There is also an improvement on the softirq side for io_uring
notifications as io_req_local_work_add() doesn't trigger wake_up()
as often. System wide profiles show reduction of cycles taken
by io_req_local_work_add() from 3% -> 0.5%, which is mostly not
reflected in the numbers above as it was firing off of a different
CPU.

v2: Remove atomics decrements by the queueing side and instead carry
    all the info in requests.
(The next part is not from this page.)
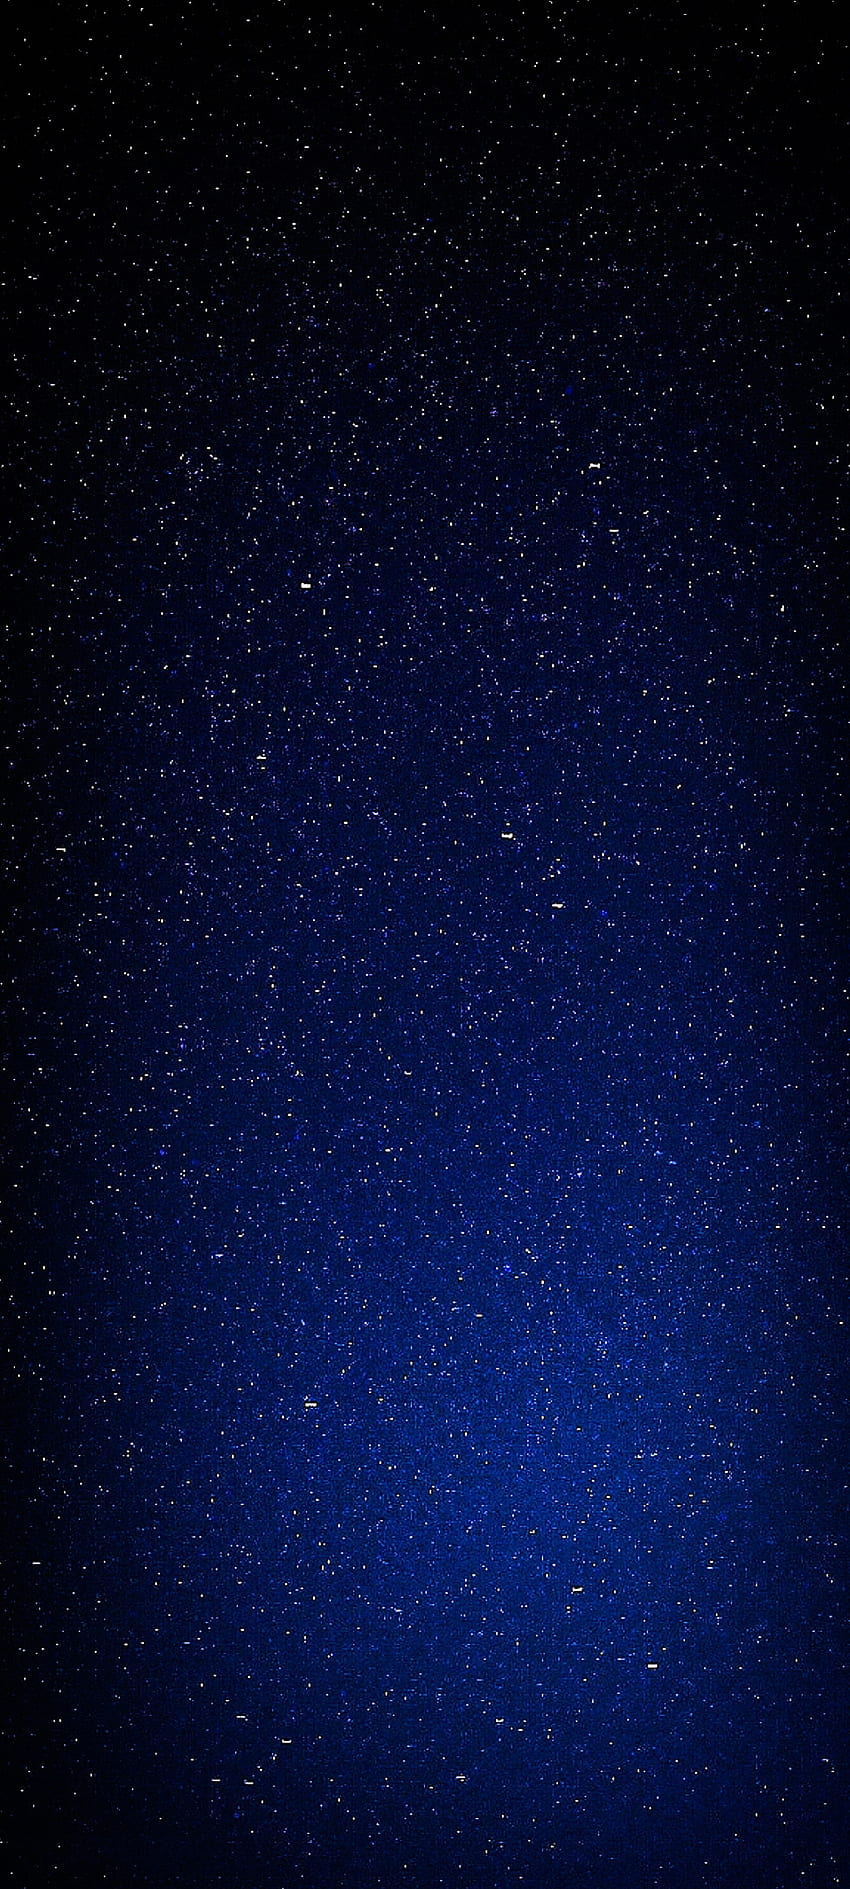 Bintang Luar Angkasa, Galaksi, langit, baru, terbaru, biru, gelap, bintang wallpaper ponsel HD

It's definitely simpler and removes extra
    atomics, the downside is touching the previous request, which might
    be not cached.

    Add a couple of patches from backlog optimising and cleaning
    io_req_local_work_add().

Pavel Begunkov (8):
  io_uring: move pinning out of io_req_local_work_add
  io_uring: optimie local tw add ctx pinning
  io_uring: refactor __io_cq_unlock_post_flush()
  io_uring: add tw add flags
  io_uring: inline llist_add()
  io_uring: reduce scheduling due to tw
  io_uring: refactor __io_cq_unlock_post_flush()
  io_uring: optimise io_req_local_work_add

 include/linux/io_uring_types.h |   3 +-
 io_uring/io_uring.c            | 131 ++++++++++++++++++++++-----------
 io_uring/io_uring.h            |  29 +++++---
 io_uring/notif.c               |   2 +-
 io_uring/notif.h               |   2 +-
 io_uring/rw.c                  |   2 +-
 6 files changed, 110 insertions(+), 59 deletions(-)